Il leader dei combattenti del Panjshir, Ahmad Massoud, non ha rilasciato dichiarazioni. Ieri egli aveva lanciato ai talebani un appello per la cessazione delle ostilità, dichiarandosi disposto a deporre le armi se essi avessero lasciato il Panjshir. Secondo i talebani, i capi del Fronte sarebbero già fuggiti all’estero; ieri essi hanno ucciso il portavoce del Fronte Fahim Dashti, membro del partito Djamiat-i-Islam, concorrente dei talebani.

I talebani hanno anche dichiarato di aver preso il mausoleo del “Leone del Panjshir” Ahmad Shah Massoud, padre dell’attuale comandante del Fronte, diffondendo un video su Telegram. Il mausoleo è collocato vicino alla città di Bazarak, il capoluogo della provincia del Panjshir, e dal video si nota l’assenza di milizie della resistenza.

Al di là dei proclami di vittoria e stabilità post-bellica, nel Paese regna un’atmosfera di grande incertezza, e non solo per le strenue resistenze nel Panjshir. Sono trascorse ormai tre settimane dalla presa di Kabul, e nonostante le dichiarazioni sulla ormai prossima formazione del governo, è evidente la situazione di stallo creatasi tra i vari componenti del movimento talebano, soprattutto tra le varie appartenenze tribali.

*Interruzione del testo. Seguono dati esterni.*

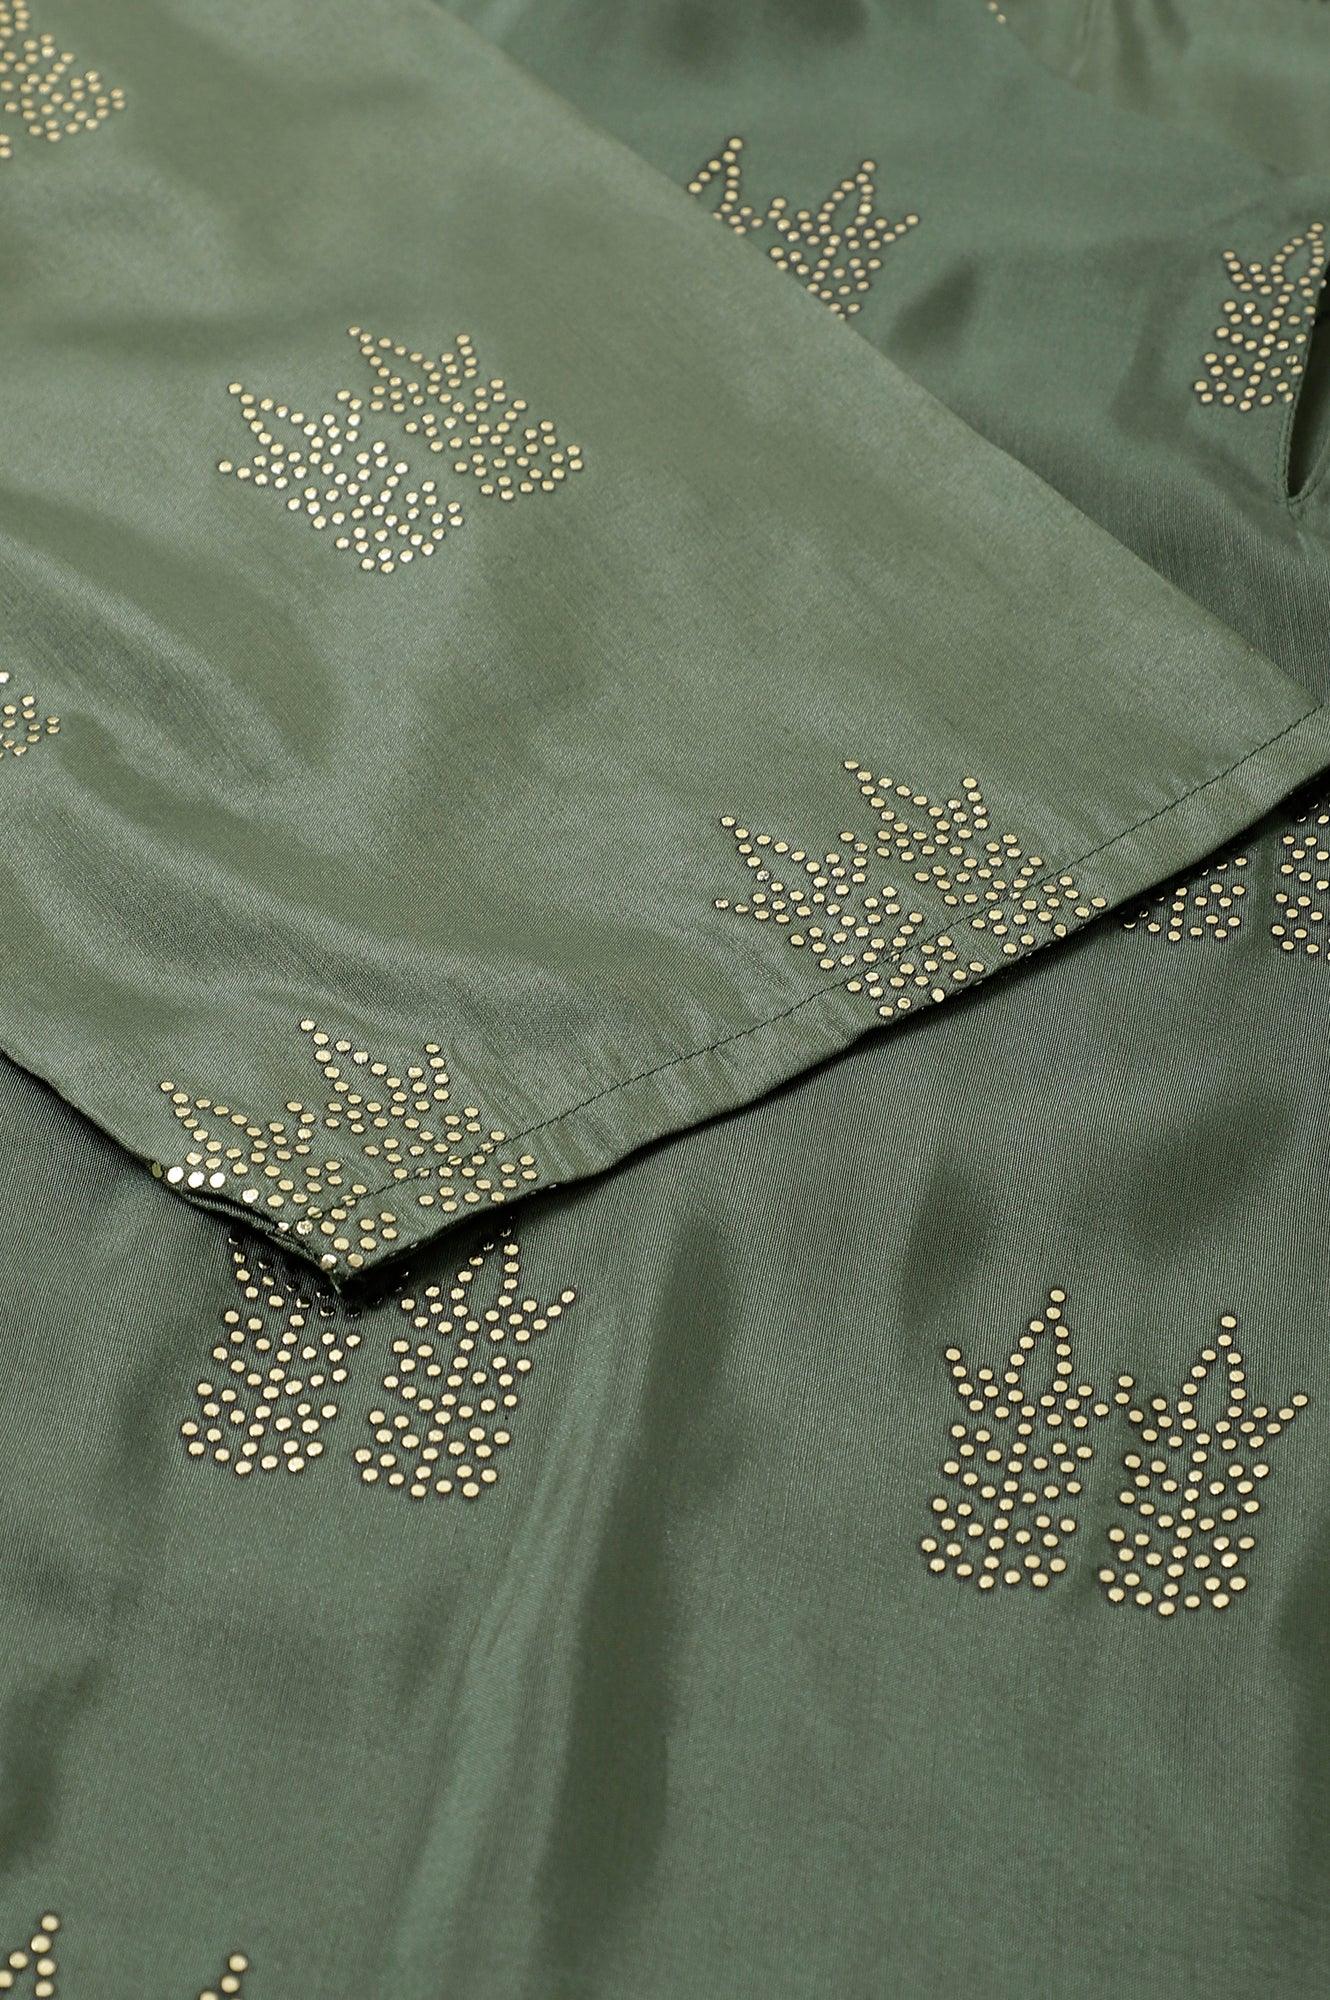 Green Shantung Plus Size kurta With Mukaish Print - wforwoman

Inizialmente sembrava che nel nuovo governo sarebbero entrati i membri del Consiglio di coordinamento, creato per gestire la transizione del potere, come l’ex-presidente dell’Afghanistan Hamid Karzaj, l’ex-primo ministro Abdullah Abdullah e il leader del partito islamico Gulbeddin Hekmatjar, poi scomparsi dalla scena. Gli unici due nomi che appaiono sicuri al momento sono quelli della “guida suprema” Hibatullah Akhundzada, e del portavoce Abdul Ghani Baradar, che sta di fatto guidando il paese dal 15 agosto.